Первые прокламации противника попали в наши руки летом 1915 г. Их содержание с небольшими модификациями всегда бывало одно и то же. В прокламациях этих говорилось, что нужда в Германии растет с каждым днем; война длится бесконечно и нет никаких видов на то, что Германия может выиграть эту войну; немецкий народ в тылу жаждет мира, но мира не хотят "милитаристы" и прежде всего сам "кайзер"; весь мир прекрасно знает, что немецкая нация тоскует по миру; поэтому "мы" ведем-де войну вовсе не против немецкого народа, а только против кайзера, являющегося единственным виновником войны; война поэтому не может кончиться и не кончится до тех пор, пока этот враг всего человечества не будет отстранен; зато, как только кончится война, свободные демократические нации братски примут немецкий народ в свой союз вечного мира, и как только пробьет час уничтожения "прусского милитаризма", мир и благоденствие будут-де обеспечены навсегда.

Для лучшей иллюстрации всего сказанного в прокламациях приводились многочисленные "письма от родных", полностью подтверждавшие сказанное.

Спадала над этими прокламациями большею частью просто смеялись. Листки прочитывались и направлялись по команде в штабы армий, где на них не обращали никакого внимания, пока ветром опять не занесет в окопы новых прокламаций. Листки противника распространялись большею частью с аэропланов.
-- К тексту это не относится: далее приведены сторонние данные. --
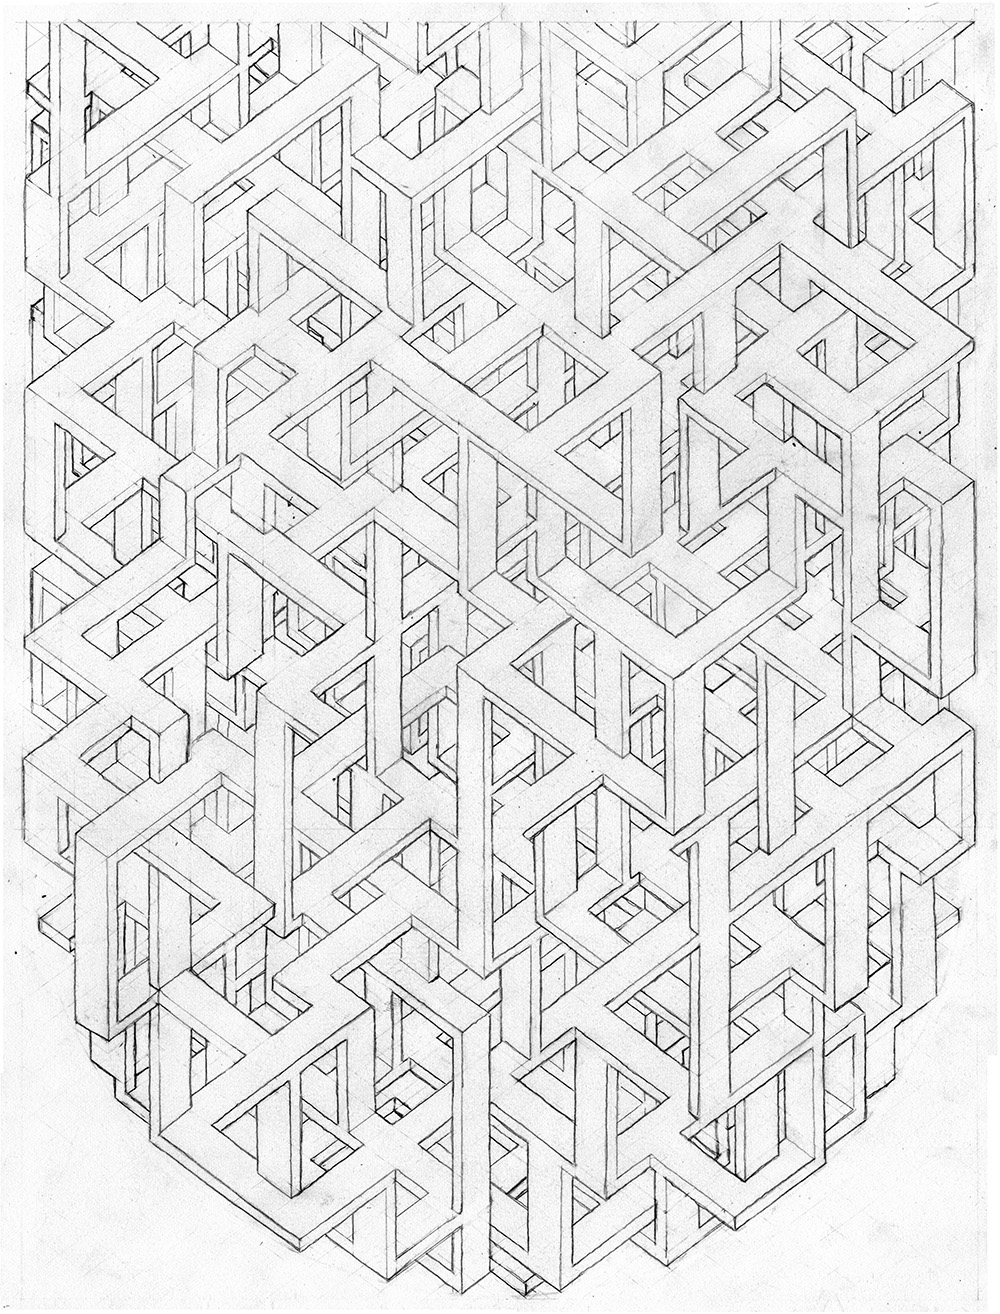 penrose-drip-graphite.jpg

Вскоре мы обратили внимание на следующее. На всех тех участках фронта, где находились солдаты баварцы, неизменно появлялись листки, которые главным своим острием обращались против пруссаков. В листках этих говорилось, что противник ровным счетом ничего не имеет против баварцев, что во всем виновата одна Пруссия, которая и должна была бы нести всю ответственность за совершенные ею злодеяния. Противник и рад был бы не причинять зла баварцам, да что же делать, если они сами совершенно напрасно связали свою судьбу с Пруссией и таскают для нее каштаны из огня.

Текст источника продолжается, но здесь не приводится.